PROBLEM DETAILS
Every line of the listing below is to be duplicated exactly, with the pictures left out.

DATA SEGMENT
--------------------------------
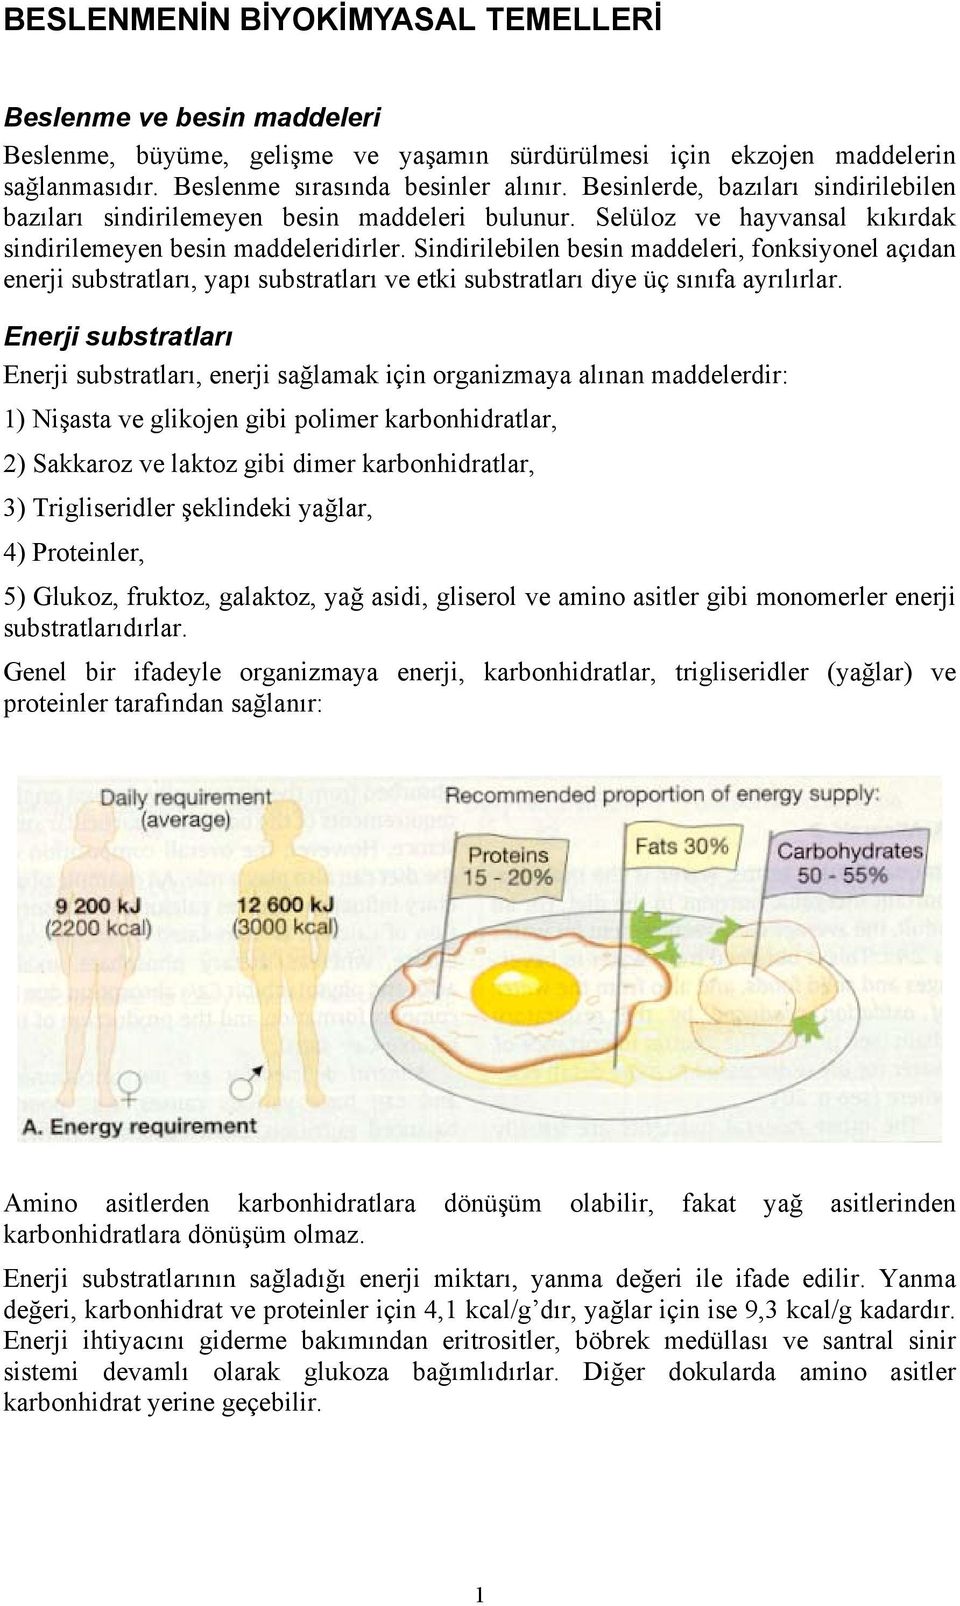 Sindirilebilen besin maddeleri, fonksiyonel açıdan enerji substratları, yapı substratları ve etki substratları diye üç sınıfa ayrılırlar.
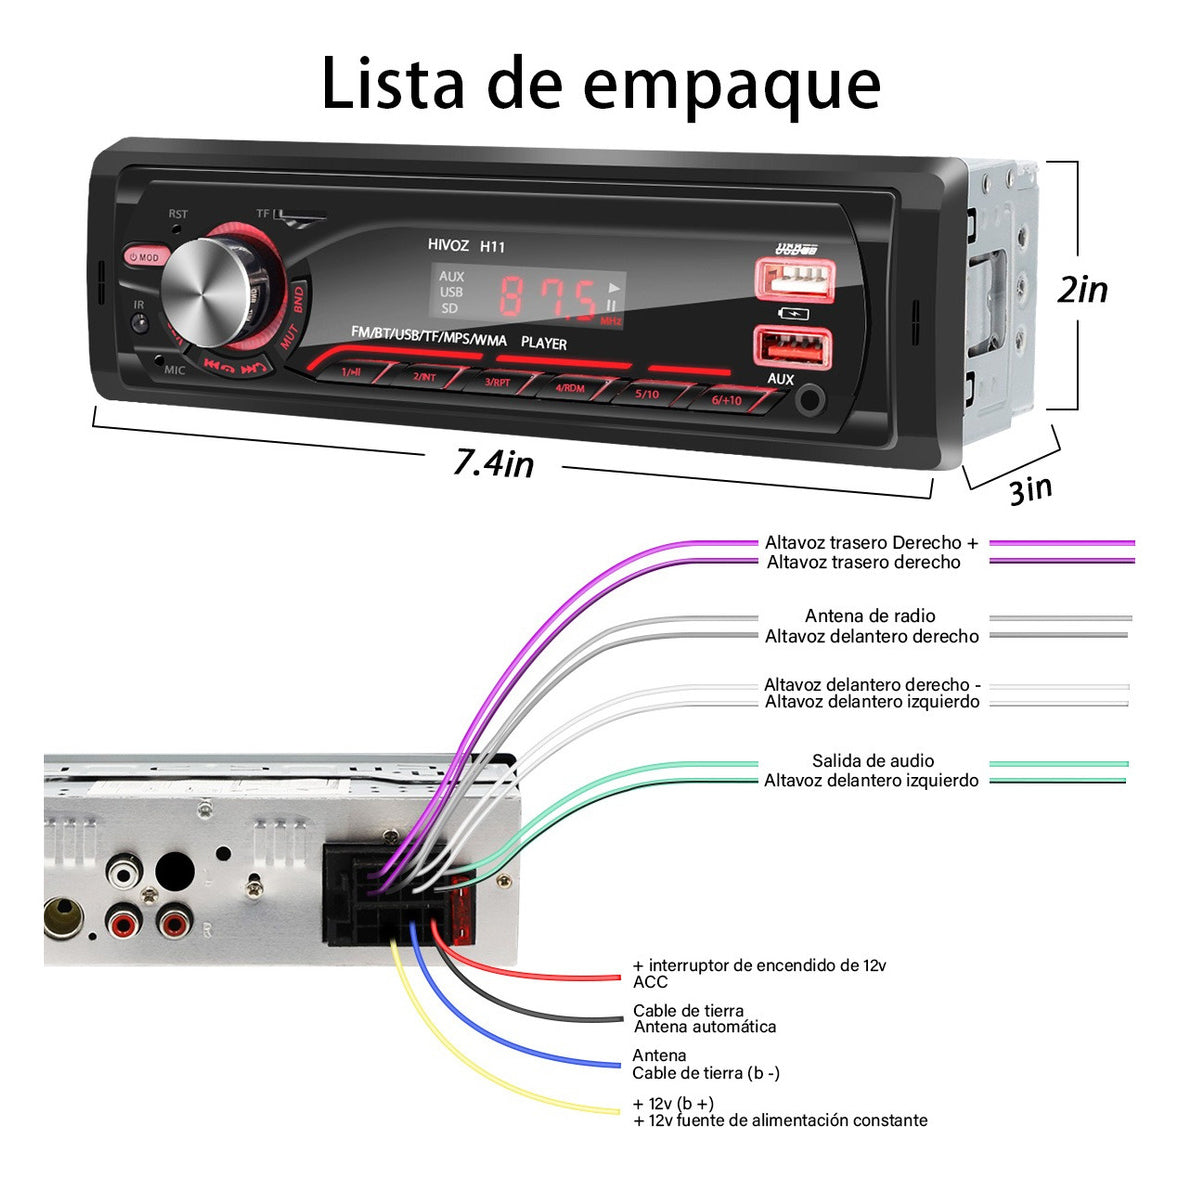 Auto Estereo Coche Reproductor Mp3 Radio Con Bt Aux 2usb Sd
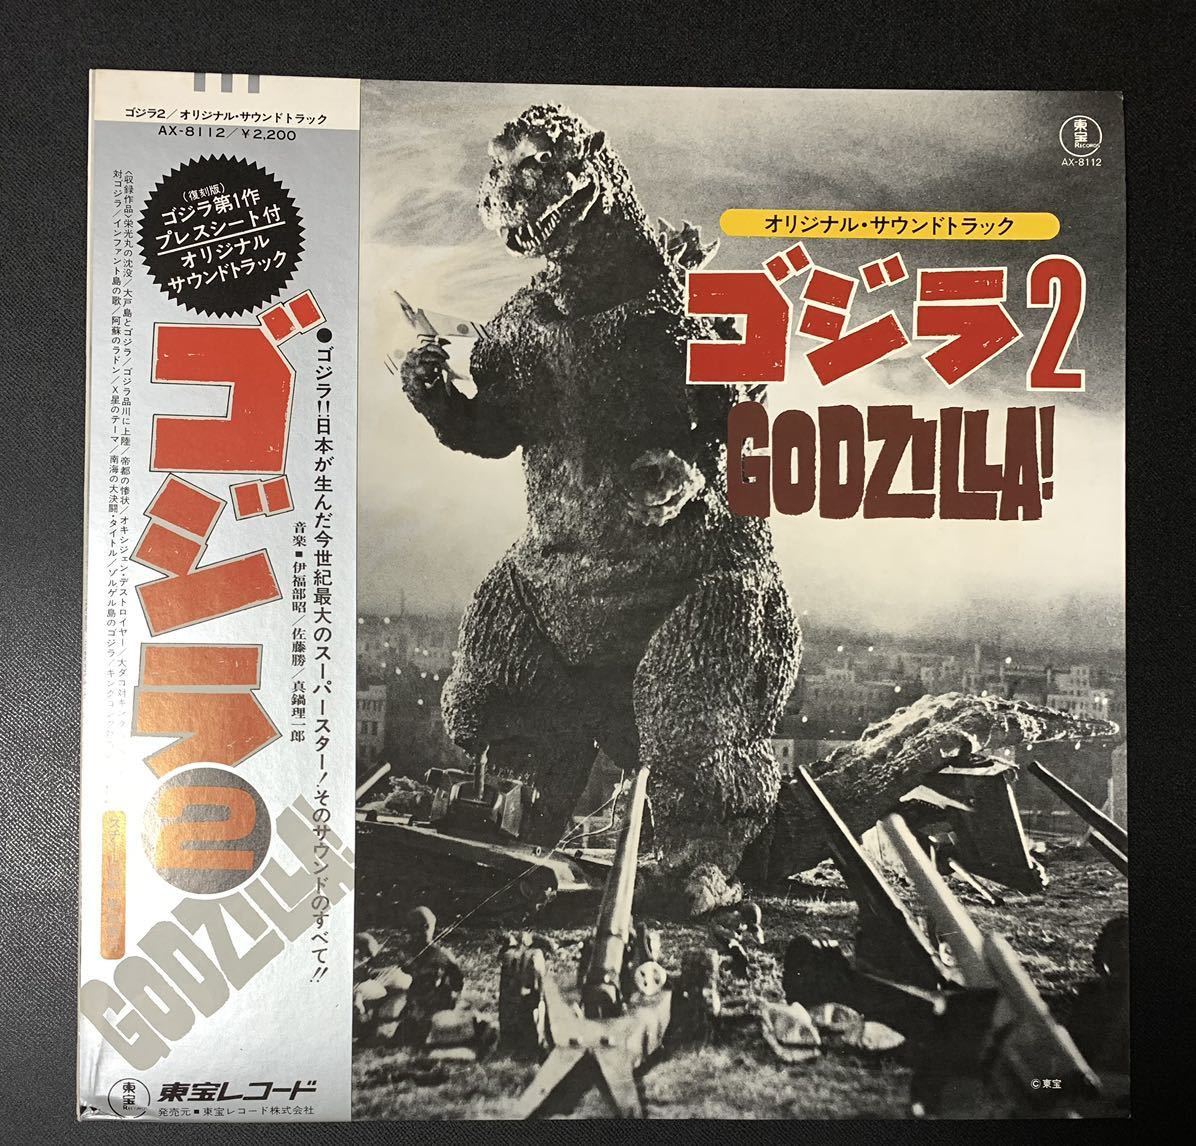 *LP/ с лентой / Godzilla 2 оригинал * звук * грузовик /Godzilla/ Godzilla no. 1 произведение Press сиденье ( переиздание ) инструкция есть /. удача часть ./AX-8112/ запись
--------------------------------
RESPONSE
 Sindirilebilen besin maddeleri, fonksiyonel açıdan enerji substratları, yapı substratları ve etki substratları diye üç sınıfa ayrılırlar.
 Auto Estereo Coche Reproductor Mp3 Radio Con Bt Aux 2usb Sd
 *LP/ с лентой / Godzilla 2 оригинал * звук * грузовик /Godzilla/ Godzilla no. 1 произведение Press сиденье ( переиздание ) инструкция есть /. удача часть ./AX-8112/ запись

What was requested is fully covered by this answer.